Ainda mais recentemente descobriram-se esquemas na câmara de vereadores da cidade. Por meio de funcionários fantasmas, alguns membros da câmara encontraram novas formas de se apropriar do bem público, fazendo empréstimos consignados, pasmem! Mais uma vez a falta de respeito com o que é público. Até quando Dourados?

A história se repete, como verdadeiro ciclo vicioso. Entretanto, todas essas denúncias reacendem uma esperança nos corações douradenses: que ocorra, enfim, uma transformação de ciclo vicioso para virtuoso!

Para isso, é preciso um pouco mais do que apenas cobrar uma resposta estatal aos políticos corruptos. É preciso também uma conduta ativa do eleitor, não cabe mais em meio às tecnologias do século XXI a velha desculpa de que o brasileiro não tem memória.  Quem sabe, um gesto simples já emoldure os ventos de mudança.

Como vimos, corrupção significa conduta não admitida pela sociedade. Mas se, ainda assim, for difícil lembrar quem participou dos propalados esquemas (é só checar no Youtube), que tal nas eleições não só levar o número de seus candidatos anotados para não esquecê-los, mas também levar os nomes dos envolvidos nesses escândalos? Se a justiça, muitas vezes, é tardia (e será mesmo cega?)[6], o eleitor pode fazer a diferença.



* Texto produzido durante curso de capacitação da UFGD pelos técnicos administrativos Ana Maria da Silva, Genivaldo Pinheiro de Andrade, Letícia Cerutti Facco, Paulo Freire Sobrinho e Verônica de Lourdes Pieto de Oliveira.

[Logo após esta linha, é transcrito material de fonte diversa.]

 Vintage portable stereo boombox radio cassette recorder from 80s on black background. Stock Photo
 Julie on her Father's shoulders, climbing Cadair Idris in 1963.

[2] http://michaelis.uol.com.br/moderno/portugues/index.php?lingua=portugues-portugues&palavra=corrup%E7%E3o -  Acesso em 10 de junho de 2011.

[3] OLIVEIRA, Mozar Costa de — bacharel em filosofia (Universidad Comillas de Madrid), mestre e doutor em direito (USP), professor aposentado de direito (Universidade Católica de Santos, São Paulo) - http://mozarcostadeoliveira.blogspot.com/2010/05/orrupcao-dificuldades-do-seu-conceito.html

[4] Estudo da origem e evolução histórica das palavras.

[5] Entrevista veiculada, no dia 09/03/2008, às 09h23, domingo, no site http://www.nominuto.com./noticias/cidades/os-efeitos-da-corrupcao-nodesenvolvimento-do-pais-sao-desastrosos-diz-economista/12899, acesso em 28/04/2011, às 16h00.

[6] Diz-se que a justiça é cega porque não enxerga a quem está julgando (se rico ou pobre, se instruído ou não), exercendo sua jurisdição, de forma igualitária, sob qualquer cidadão.